New hope for Huntington’s families as gene therapy shows remarkable results

A company called uniQure has announced promising results from a trial of a new gene therapy for Huntington’s disease. The news has spread quickly through families affected by this condition, who have been desperately waiting for a treatment that can stop or slow down this devastating illness.

Huntington’s disease is a fatal brain disorder that runs in families, caused by a faulty gene that produces a protein called huntingtin. The disease typically begins to cause symptoms in people between 30 and 50 years old.

People with the condition experience problems with movement, thinking abilities and mental health. The disease gets worse over time and typically leads to death about 20 years after symptoms first appear.

In this study, neurosurgeons delivered the treatment called AMT-130 directly into the brain using precise surgery guided by MRI scans. They targeted the striatum – the brain region most damaged by Huntington’s disease.

The treatment requires a single injection delivered during a complex 12- to 20-hour brain operation, which means it will probably be expensive.

AMT-130 uses a modified virus to carry genetic material that can reduce the amount of harmful huntingtin protein in brain cells. Scientists believe this faulty protein plays a key role in causing the disease.

The results showed that patients who received the high dose of AMT-130 (12 people) experienced significant benefits. The treatment appeared to slow disease progression by 75% over 36 months, compared with a carefully matched group of patients who didn’t receive the therapy and were from another study that investigates how the disease develops over time.

Disease progression was measured using a standard scale that tracks movement problems and thinking abilities in Huntington’s disease patients.

The high-dose treatment also showed benefits on another scale that measures how well people can carry out daily activities. Additionally, levels of neurofilament – a substance that indicates brain cell damage – decreased in patients’ spinal fluid after 36 months.

Crucially, the treatment appeared to be safe, and patients tolerated it well. UniQure plans to apply for approval from US regulators in early 2026.

There is an urgent need for treatments that can change the course of Huntington’s disease. Several clinical trials are currently testing ways to target huntingtin and other factors involved in the disease.

Some previous trials have had to be stopped early because of dangerous side-effects, so it’s particularly encouraging that AMT-130 appears safe.

Results need careful interpretation

However, these positive results need to be viewed with some caution. Only 12 patients received the high dose, which is a small number.

Comparing results to an external control group doesn’t account for the placebo effect – the improvement some patients experience simply from believing they’re receiving treatment. There might also be differences in how symptoms are rated between observational studies and treatment trials.
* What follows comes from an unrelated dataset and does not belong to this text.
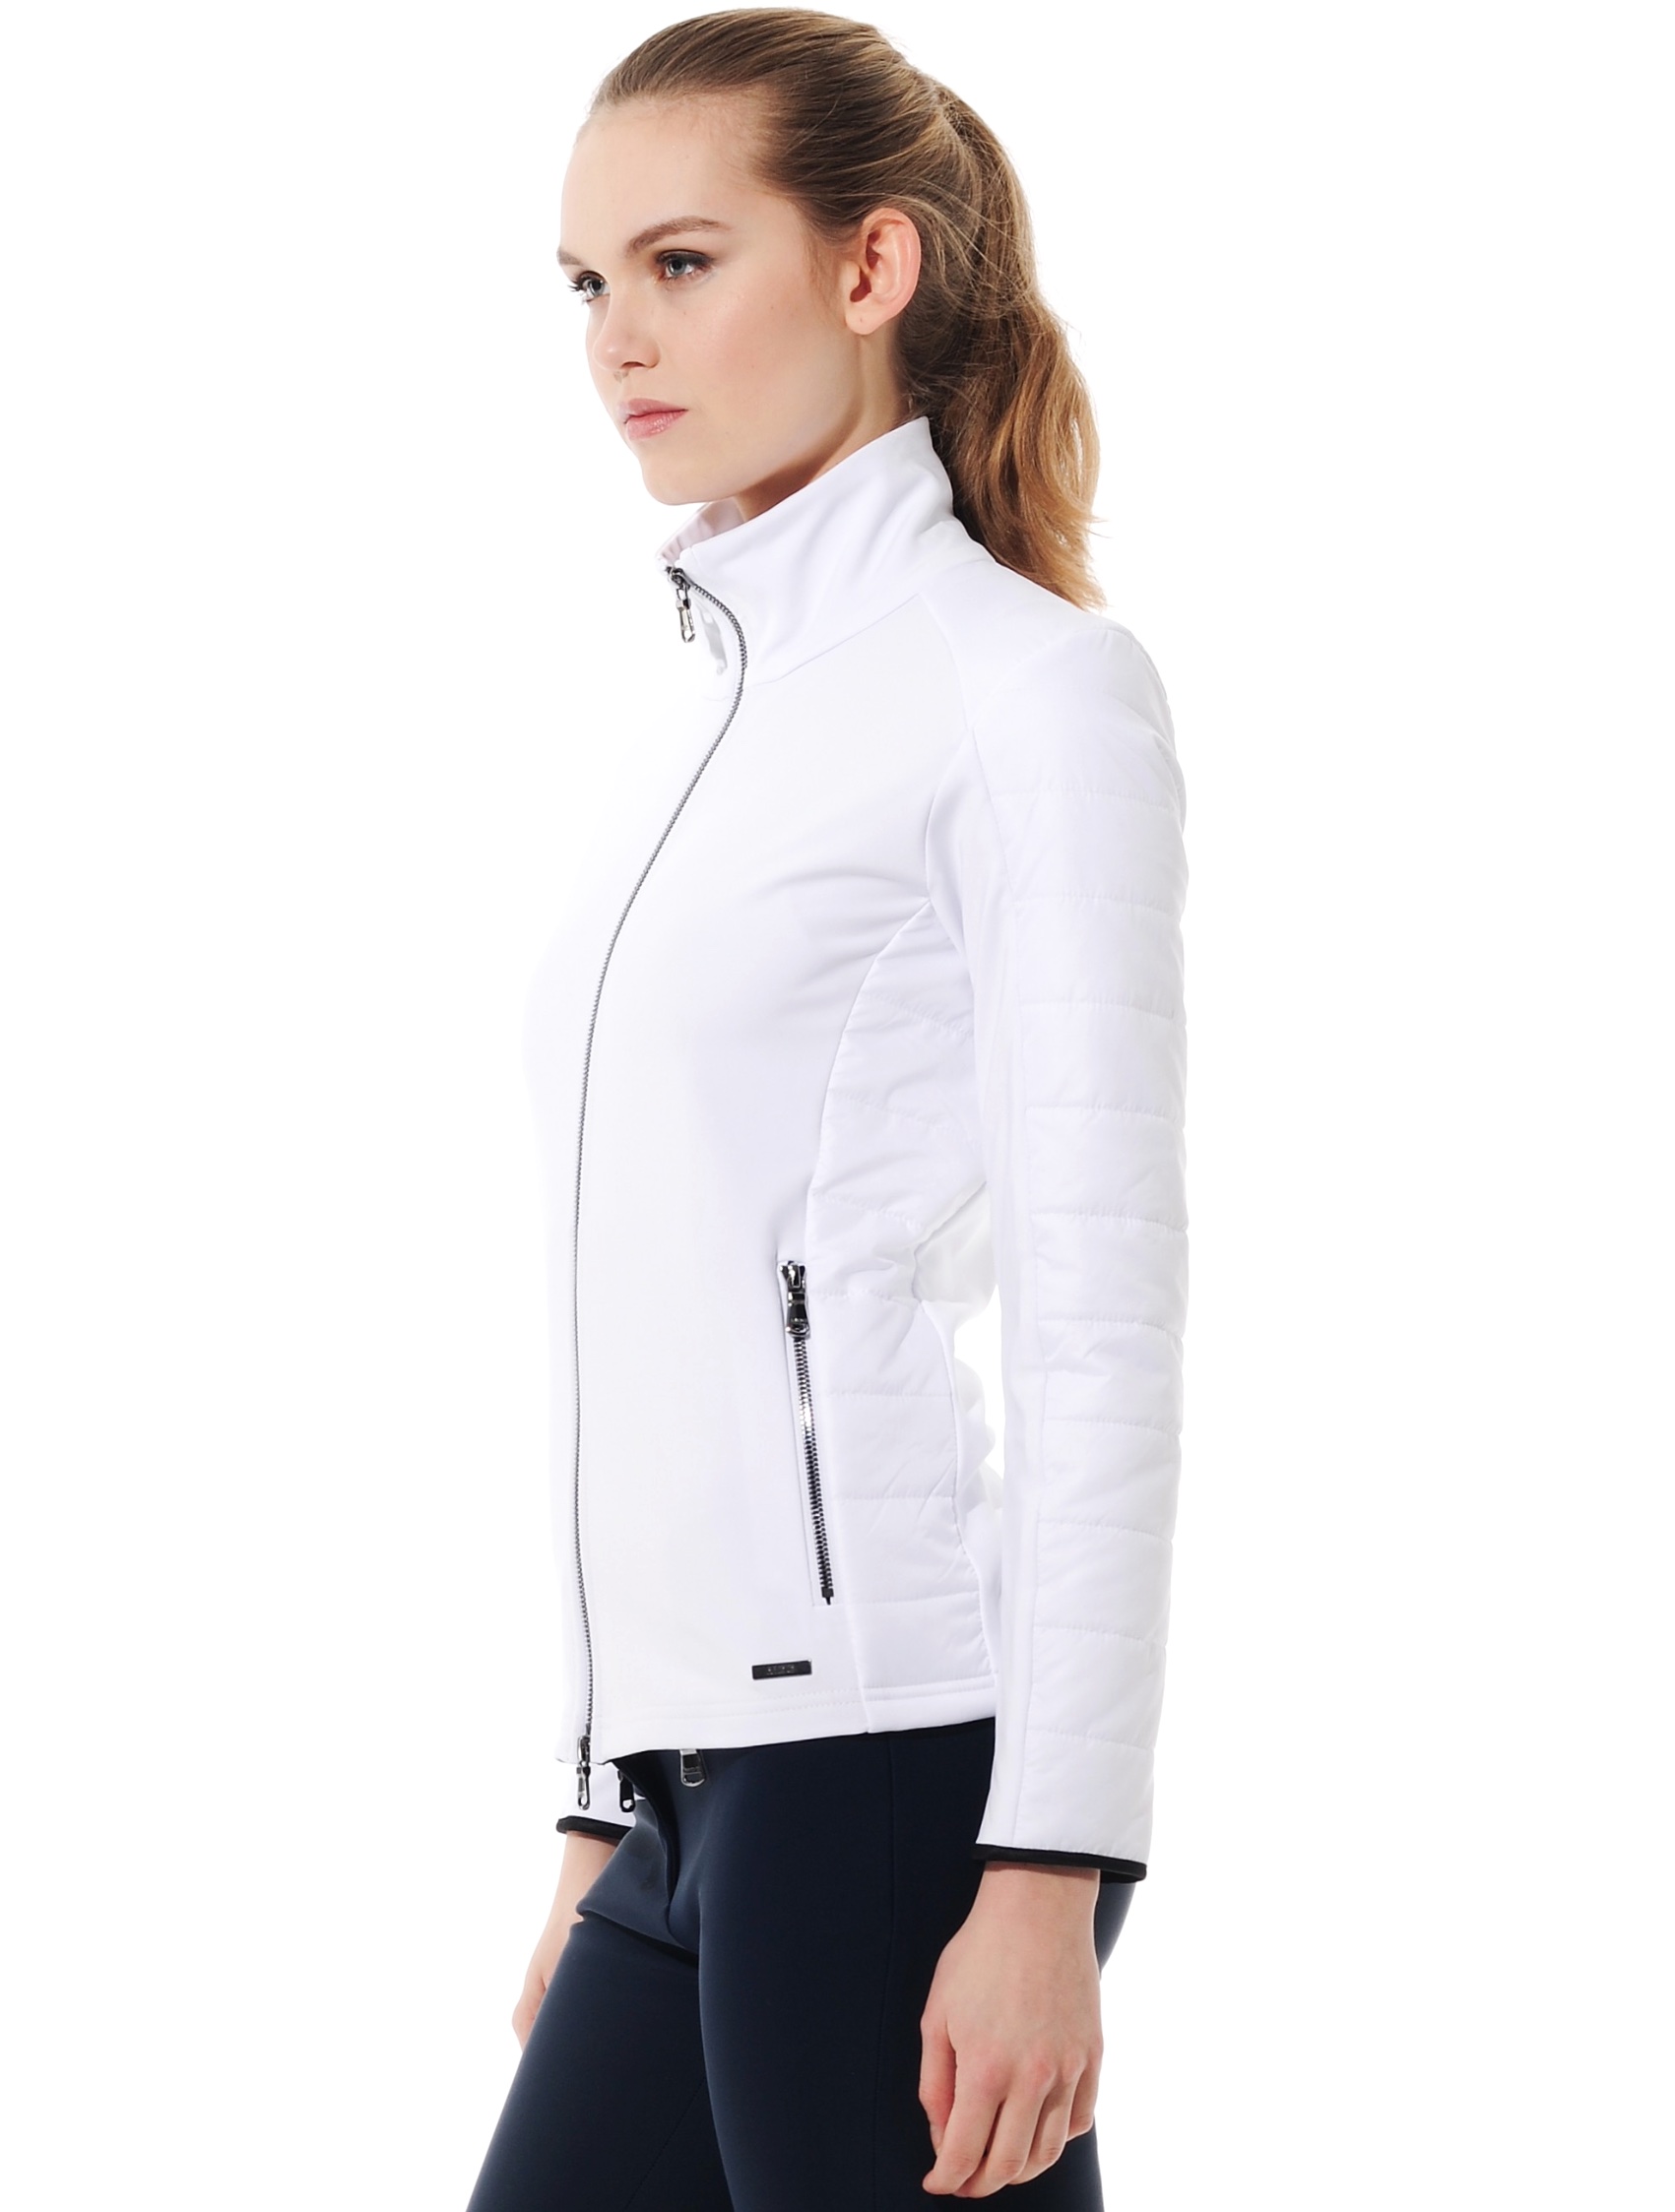 Softex stretch jacket white

The company hasn’t yet presented results from more objective measures like brain scans or precise movement tests, and the findings have not been independently reviewed by other scientists.

The results show that this method of delivering gene therapy to the brain appears safe, which strengthens the potential for similar treatments – not only for Huntington’s disease but for other brain conditions.

The positive AMT-130 results have certainly created optimism and raised hope among many families living with Huntington’s disease.

Hope is vital for coping with the daily challenges this condition brings. This study, alongside other research happening worldwide, demonstrates the dedication and hard work of the Huntington’s disease community in their fight for new and effective treatments.